Interestingly, even when a common IS mix is used, the mean inter-laboratory variation at the 90th centile is still 21.9% (range 10.6% to 35.0%). The Horwitz equation [
8] was used to calculate the PRSD, which is a predictor of inter-laboratory variation for a given analyte. The PRSD for leucine, methionine, phenylalanine, C5, C5DC, C8, tyrosine and C10 are 8.8, 10.9, 9.7, 17.3, 21.5, 20.8, 9.8 and 21.0% respectively, indicating that analytical performance of these analytes is still poorer than might be expected.
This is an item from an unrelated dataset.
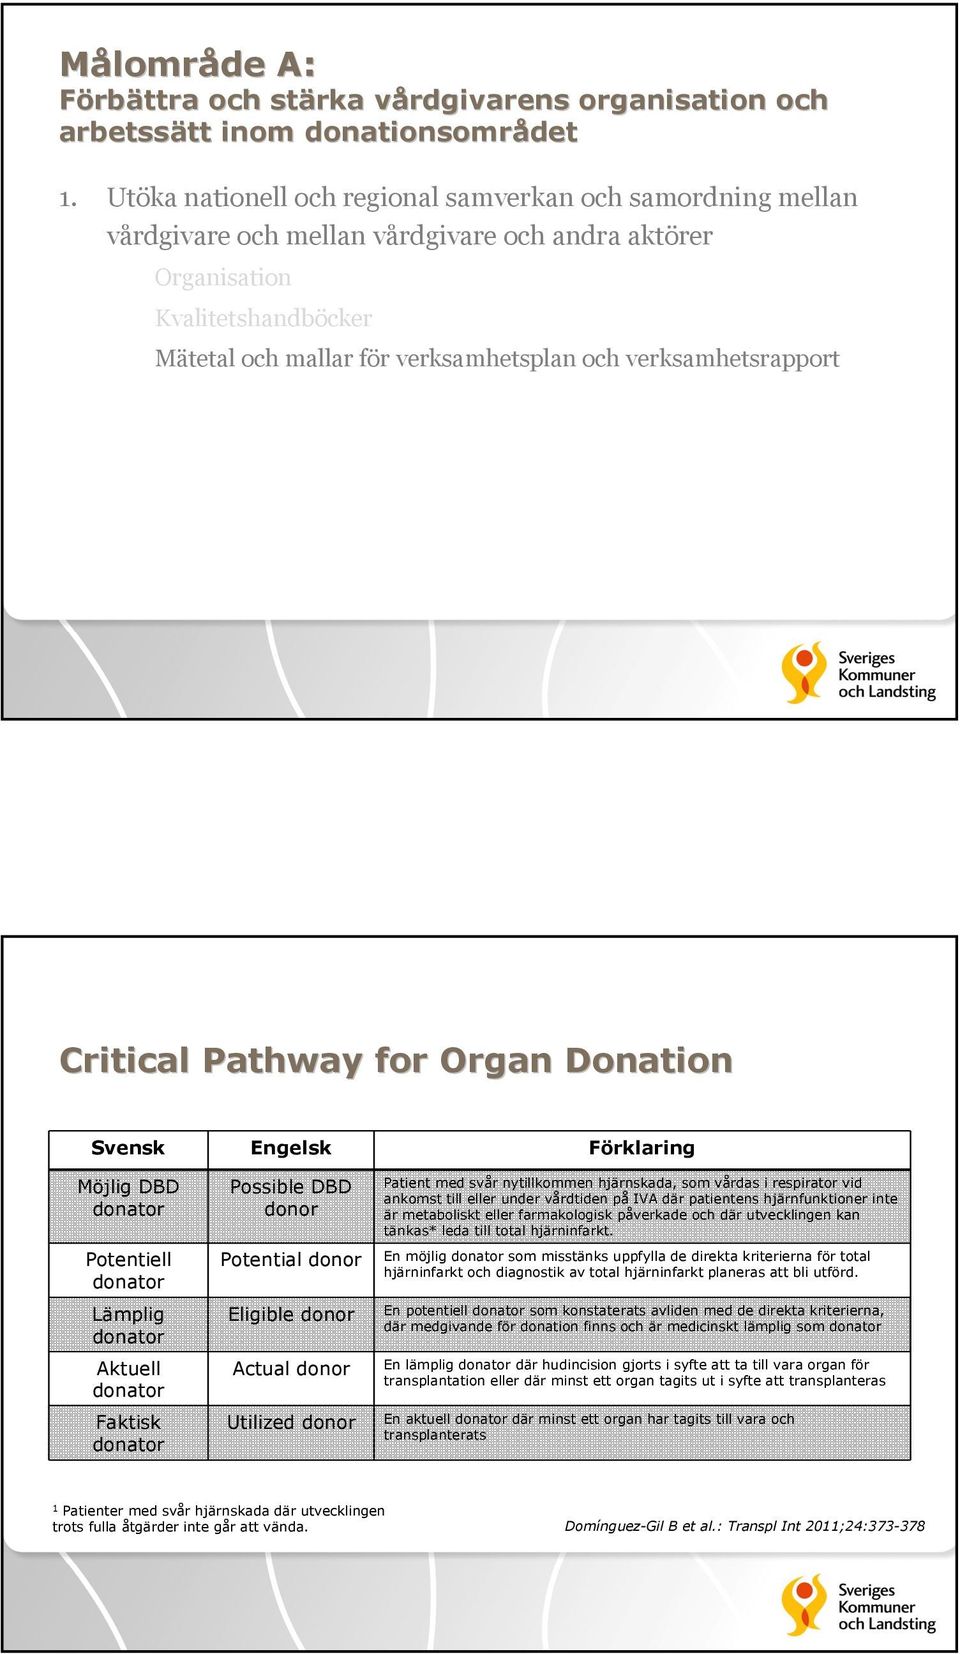 verksamhetsrapport Critical Pathway for Organ Donation Svensk Engelsk Förklaring Möjlig DBD donator Potentiell donator Lämplig donator Aktuell donator Faktisk donator Possible DBD donor Potential

It is evident that factors other than the source of IS are also contributing to the variation in expanded NBS results. When quantitation is by internal calibration alone, the final result is influenced by the volume of blood assumed to be present in a 3.2 mm sub-punch, the extraction process and the instrument set up. In this study, the latter point was uncontrolled, as was the preparation of the working IS solution. Preparation of the working IS solution required the aliquots of IS mix to be reconstituted in a fixed volume of 80% methanol. This step, whilst critical, would be considered standard practice for a Clinical Laboratory accredited to the internationally recognized standard ISO 15189:2012 by the United Kingdom Accreditation Service (UKAS) and logic dictates that it would likely have been performed with a reasonable degree of accuracy, plus variation from this step would have contributed to the random effects of the linear mixed-effect model. Likewise, pre-analytical factors associated with DBS sampling such as haematocrit, spot size/volume and location of sub-punch can influence results [
6], but again these were common to all laboratories. We hypothesize that variation in instrument set-up is also a significant variable, although we acknowledge that the presence of any interfering species from reagents, consumables, contamination or even the samples themselves would also have an effect.